VIMS

Bonaire

In January 2008, NOAA's Office of Ocean Exploration provided funding to the Virginia Insitute of Marine Science's Autonomous Systems Lab (ASL) to explore coral-reef sustainability on Bonaire's pristine reefs using the autonomous underwater vehicle Fetch.

Bonaire, one of the islands of the Netherlands Antilles, is arguably the most pristine coral-reef environment in the Caribbean, with a higher percent of coral cover—and a lower percent of algal cover—than any other Caribbean island. Thus, the Bonaire reef environment represents a relatively untrammeled baseline against which to compare other coral reefs.

During the project, the ASL team, including VIMS graduate student Noelle Relles, used Fetch to collect video transects of Bonaire's reef, which she is now analyzing for percent coral cover and species diversity and statistically comparing to a reef atlas of Bonaire completed in the 1985 by Dutch scientist Dr. Fleur van Duyl.

Fetch allowed the ASL team to survey this unique environment over a greater depth range than could be reached with compressed air SCUBA. Mapping of the biological and physical environment documented patterns of biodiversity in both shallow and deep parts of the reef, and will provide an important resource for this island as it works to continue to protect the Bonaire Marine National Park (BMNP), one of the first and most effective attempts at marine preservation in the Caribbean.
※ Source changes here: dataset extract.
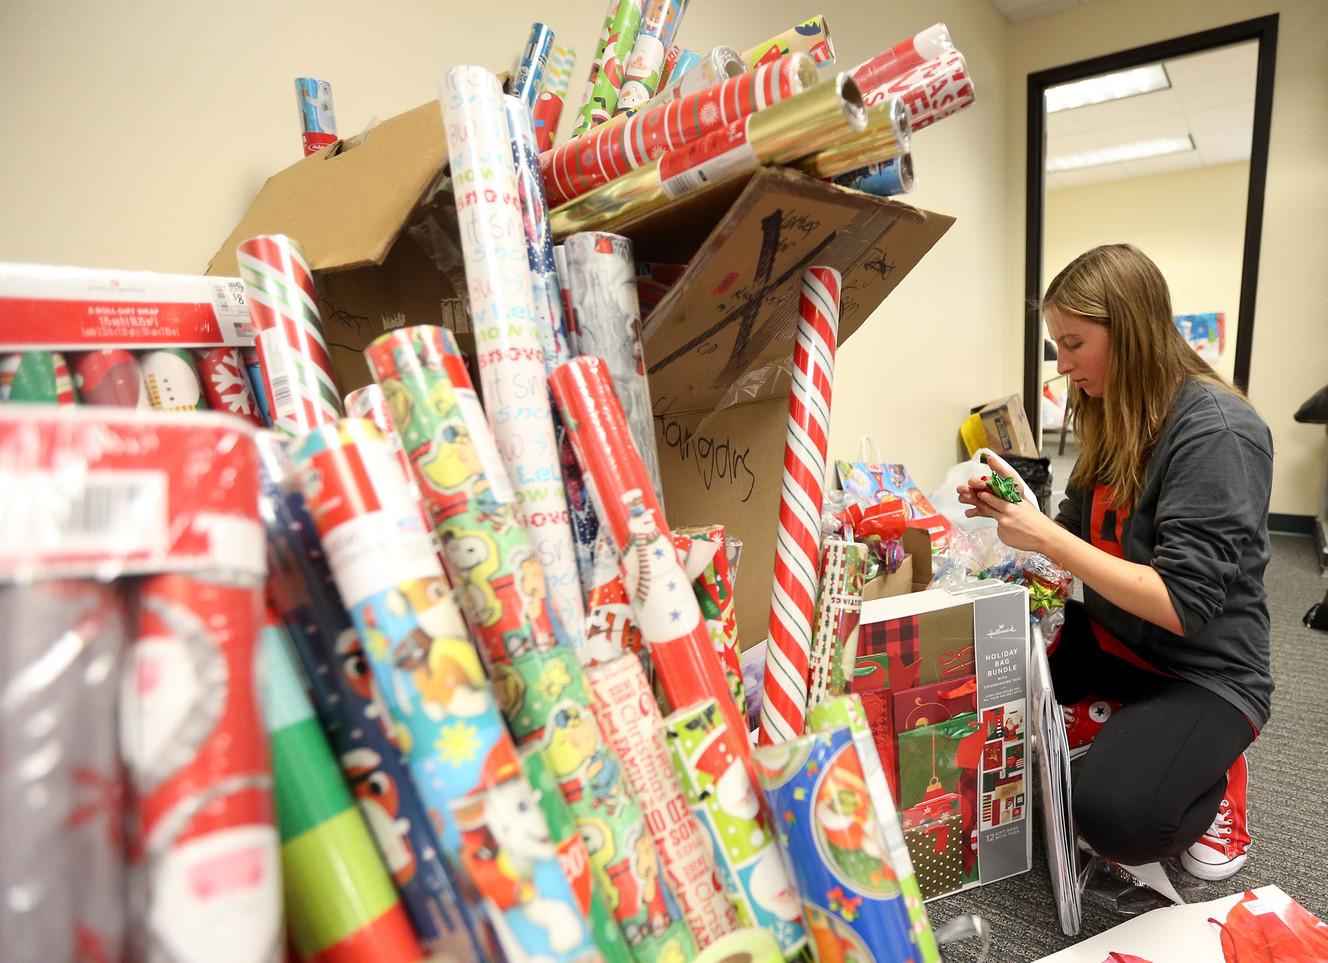 Holiday gift drive gives 1,500 kids Christmas presents   KSL.com

Also participating on the project were scientists from the University of Delaware and the Scripps Institution of Oceanography. The Island Government of Bonaire, scientists at the National Oceanography Centre, United Kingdom, and two makers of underwater technology, Hafmynd and GeoAcoustics, also assisted.

Fetch swims above a field of elkhorn coral in the waters of Bonaire.